Investigative journalists estimate that the followers of Al Qaeda constitute between five and ten percent of the insurgent forces, although they represent a larger proportion of those who engage in the most successful violent opposition to the American occupation. No one can know the consequences of total American withdrawal. Partial or piecemeal withdrawal is unacceptable, because the vulnerability of American forces would be increased and the symbolic negative significance of the American presence would not be reduced. No credence should be given to the predictions of those who have until now been wrong about everything connected with the causes and consequences of the American occupation. Some responsible scholars are persuaded that things will get worse – not better – as long as resentment of America’s presence continues to be felt.

Why have we failed? When Osama bin Laden was believed to be cornered in Afghanistan, we deployed our military forces there to the war we were beginning in Iraq, making easier his escape into Pakistan. We betrayed our most cherished ideals in the humiliating treatment of prisoners in Abu Ghraib and the brutal actions of servicemen in widely publicized incidents of promiscuous slaughter of Iraqi soldiers and civilians.

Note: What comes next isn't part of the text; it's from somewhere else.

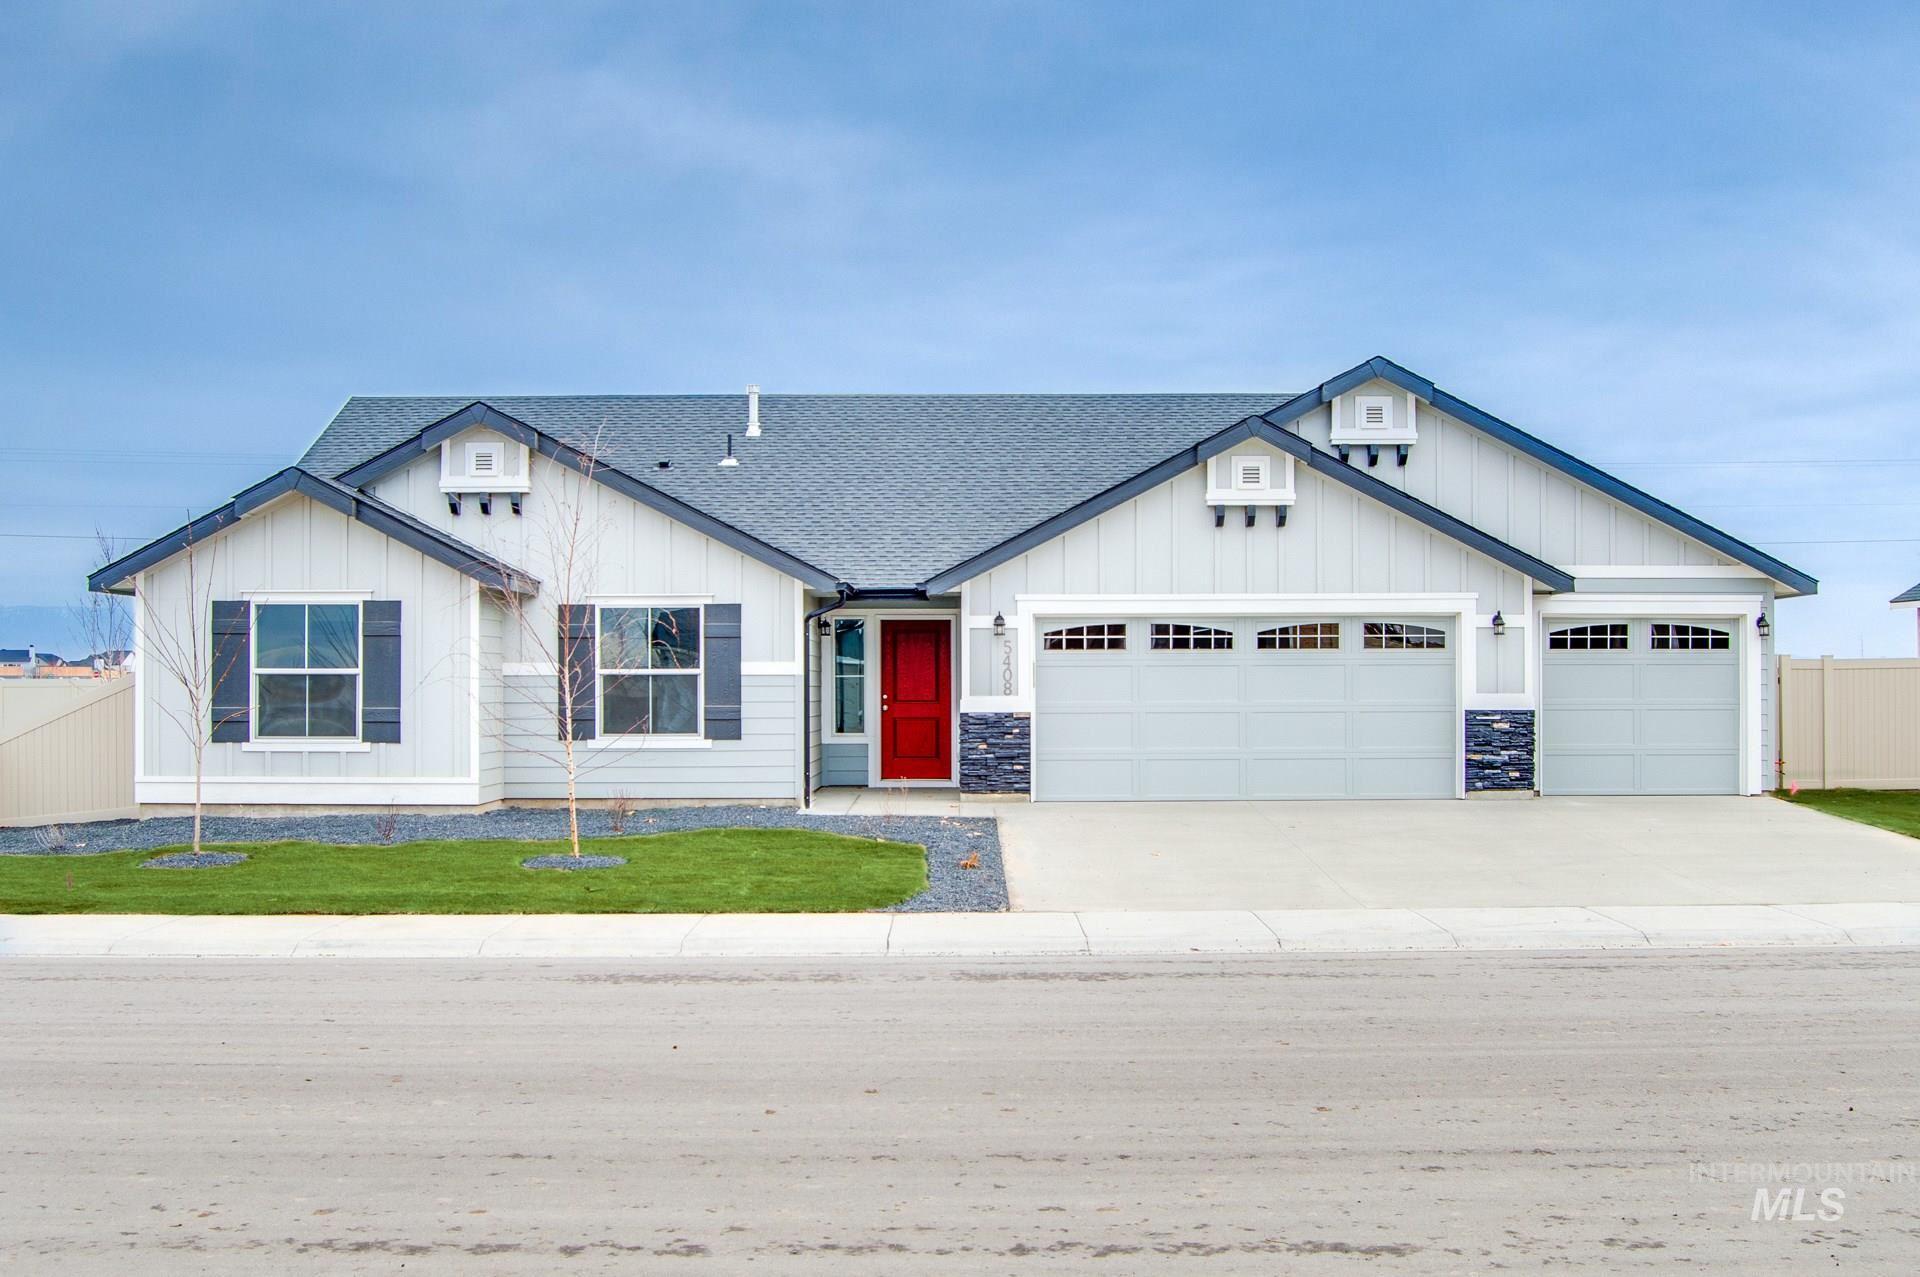 Photo of 1710 SW Gabar Ct, Mountain Home, ID 83647 (MLS # 98798610)

When General Antonio Taguba released his detailed report recounting the complicity of government officials in imposing abusive interrogation policies at Abu Ghraib, he was mocked and shunned by the Pentagon and forced to retire early. We violated the basic precepts of habeas corpus and international law in denying legal counsel to prisoners in Guantanamo and elsewhere, and subjecting them to humiliating treatment and torture. We have turned our backs on Iraqis who risked their lives working with the American occupation forces, but have been denied immigration into the United States. In all these respects, we have alienated millions of people throughout the world who once held the United States in the highest regard for its love of liberty and justice.

What can we do? We can get out. Whenever the United States finally decides to leave Iraq, defenders of our failed policies will declare: If only we had stayed…. (This is what they said when we left Vietnam.) But if we stay, and thousands more Americans and tens of thousands more Iraqis die, the invaders would still proclaim that they would succeed if only…. The truth is that the sooner we leave, the sooner we reduce the killing and maiming of Americans, as well as the distrust of America which now extends to most people in most nations. The sooner we leave, the sooner we can participate in international efforts to promote peace and security in the Middle East. The sooner we leave, the sooner we can divert hundreds of billions of dollars from the conduct of an unending war that enriches private corporations and corrupt foreign politicians, to be used to fight poverty and disease in the United States and throughout the world. The sooner we leave, the sooner the United States can regain its place of pride among the free and liberty-loving nations of the world.